Dataset records
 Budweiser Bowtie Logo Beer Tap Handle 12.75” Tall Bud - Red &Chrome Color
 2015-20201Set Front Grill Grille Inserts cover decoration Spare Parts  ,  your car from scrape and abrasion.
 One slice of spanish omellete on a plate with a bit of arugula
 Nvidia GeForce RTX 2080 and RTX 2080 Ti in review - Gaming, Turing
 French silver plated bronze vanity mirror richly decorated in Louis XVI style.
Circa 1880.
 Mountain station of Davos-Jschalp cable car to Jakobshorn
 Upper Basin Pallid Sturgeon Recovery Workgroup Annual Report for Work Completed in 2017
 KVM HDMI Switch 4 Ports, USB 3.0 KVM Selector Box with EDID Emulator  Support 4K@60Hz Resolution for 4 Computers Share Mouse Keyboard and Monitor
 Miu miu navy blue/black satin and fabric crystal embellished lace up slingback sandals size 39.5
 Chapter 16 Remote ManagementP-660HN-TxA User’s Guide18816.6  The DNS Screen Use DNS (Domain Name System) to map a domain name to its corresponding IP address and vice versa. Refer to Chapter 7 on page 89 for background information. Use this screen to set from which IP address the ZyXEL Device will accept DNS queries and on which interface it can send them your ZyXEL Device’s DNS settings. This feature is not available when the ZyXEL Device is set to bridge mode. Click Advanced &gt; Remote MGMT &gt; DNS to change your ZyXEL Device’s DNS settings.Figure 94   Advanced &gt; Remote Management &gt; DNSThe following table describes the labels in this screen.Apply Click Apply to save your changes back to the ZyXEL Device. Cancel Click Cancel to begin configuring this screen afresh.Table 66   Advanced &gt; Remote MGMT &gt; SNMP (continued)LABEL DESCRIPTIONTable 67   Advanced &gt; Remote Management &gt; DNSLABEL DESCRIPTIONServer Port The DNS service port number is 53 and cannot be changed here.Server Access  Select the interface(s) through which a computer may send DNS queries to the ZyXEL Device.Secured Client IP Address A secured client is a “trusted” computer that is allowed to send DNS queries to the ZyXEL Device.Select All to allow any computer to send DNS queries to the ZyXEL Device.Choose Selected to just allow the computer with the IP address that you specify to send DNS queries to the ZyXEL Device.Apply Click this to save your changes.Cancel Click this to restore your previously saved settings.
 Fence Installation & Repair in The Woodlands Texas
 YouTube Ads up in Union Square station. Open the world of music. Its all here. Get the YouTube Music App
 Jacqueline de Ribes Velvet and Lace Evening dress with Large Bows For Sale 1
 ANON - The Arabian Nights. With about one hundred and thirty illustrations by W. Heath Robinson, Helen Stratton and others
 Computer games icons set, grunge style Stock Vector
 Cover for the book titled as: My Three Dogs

**WHAT THIS TASK INVOLVES:** Every line from the one containing "Jacqueline de Ribes" through the last line of the entries above must be output exactly. Leave the rest out.

**RESPONSE TO THIS TASK:**
 Jacqueline de Ribes Velvet and Lace Evening dress with Large Bows For Sale 1
 ANON - The Arabian Nights. With about one hundred and thirty illustrations by W. Heath Robinson, Helen Stratton and others
 Computer games icons set, grunge style Stock Vector
 Cover for the book titled as: My Three Dogs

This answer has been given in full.